Simplification is key
"One of the keys to growing is simplification, not making things more complicated than they already are.” Mike continues to explain that their semi-closed glass greenhouse is going to have two major grow zones, each of which can handle 8 different strains. “Every strain presents different challenges,” he points out. “This is why it’s important to focus only on a very small selected number of strains per cycle when cultivating. Currently our genetics catalogue includes approximately 45 different varieties, we will always group strains together in grow zones that possess similar flowering periods and cultivation characteristics as it’s essential for successful implementation of automation.”

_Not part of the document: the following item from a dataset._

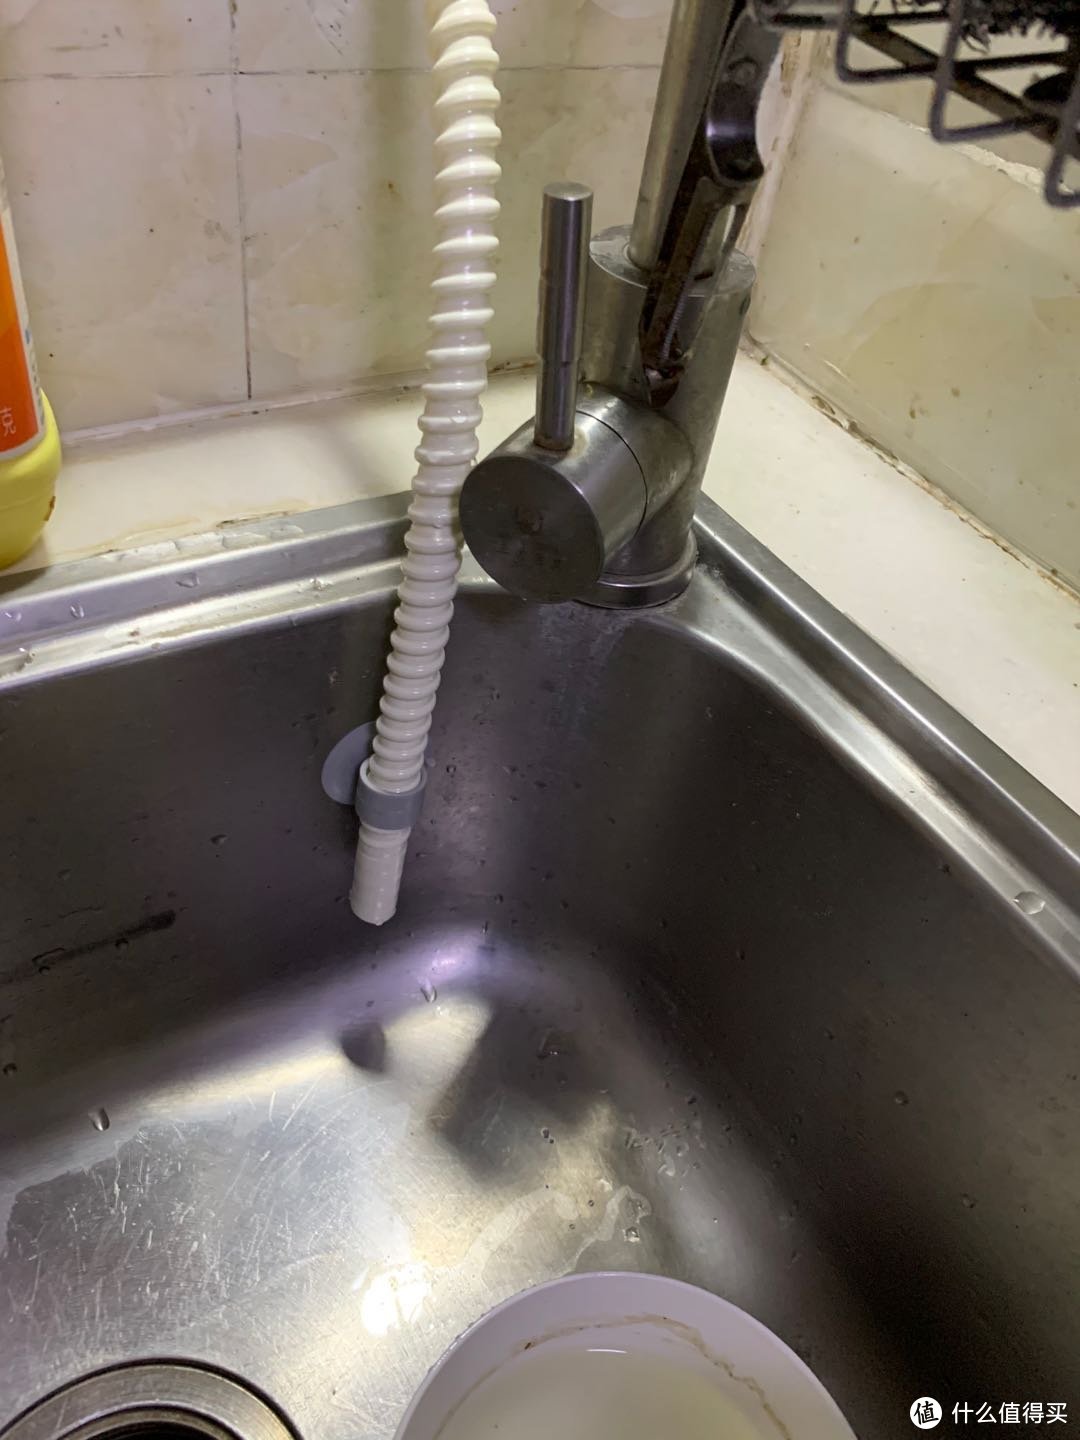 从小厨房的角度展现松下台上洗碗机的安装到底难不难
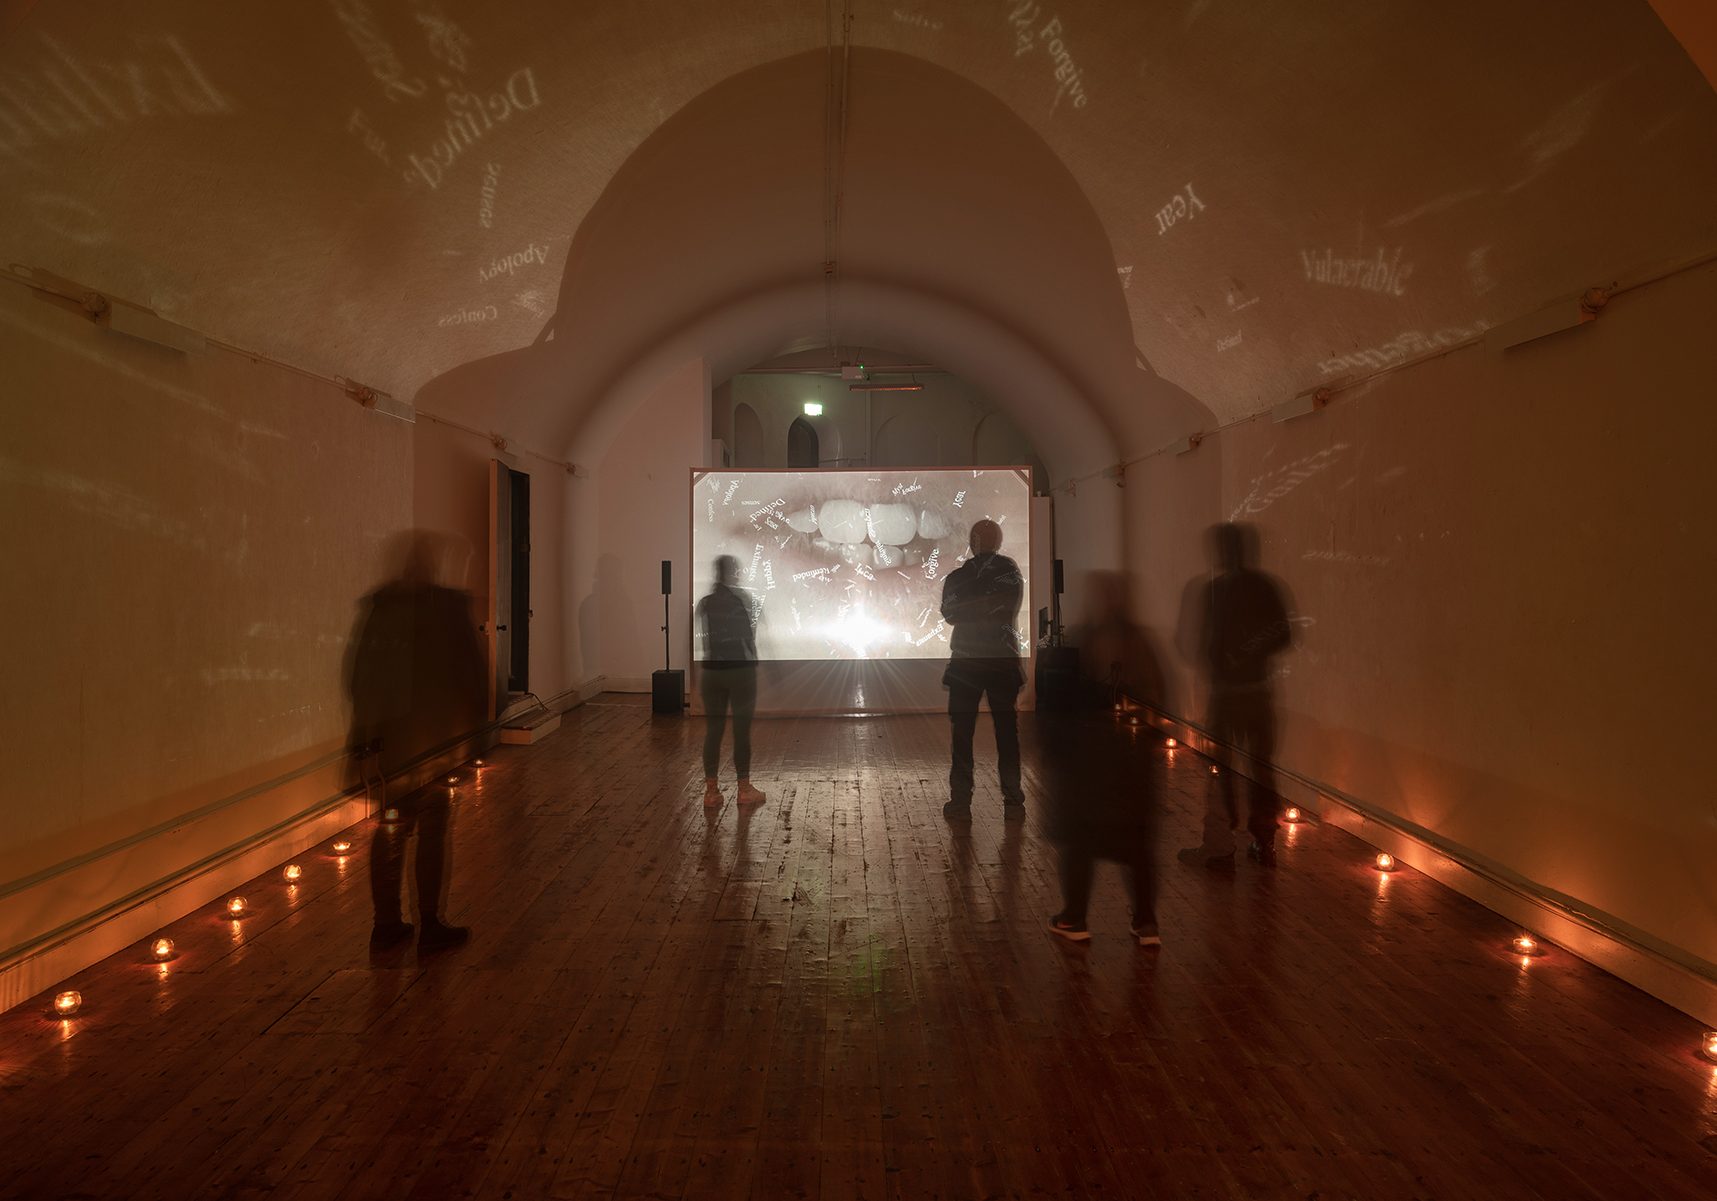 Sample Studios, 'Mystical Confessions' by Aoife Claffey, Cork, Ireland, 2021 / Photograph Jed Niezgoda - www.jedniezgoda.com

The other important key element for a cannabis operation in minimizing its costs is to have proper management oversight of the crop. “I think that companies lacking sound oversight are going to have a difficult time in the near future,” he says. “Especially those operators that have not scaled up responsibly. This is why I think that some of today’s smaller to mid-size companies will eventually grow into larger successful companies through executing more disciplined growth strategies. They will eventually capture market share by offering consumers more appealing value propositions, something the larger companies that have scaled too quickly will struggle to provide. The industry will likely experience some market fragmentation over the next few years as more companies continue to enter the space with a heightened focus on profitability by way of refining operations and becoming more efficient. There will be no tolerance by investors for companies overpaying to acquire inefficient assets at bloated valuations as we’ve witnessed during the last 5 years of reckless consolidation.” Going forward the cannabis industry has plenty to offer companies that focus on deploying more methodical and disciplined strategies to growing their businesses.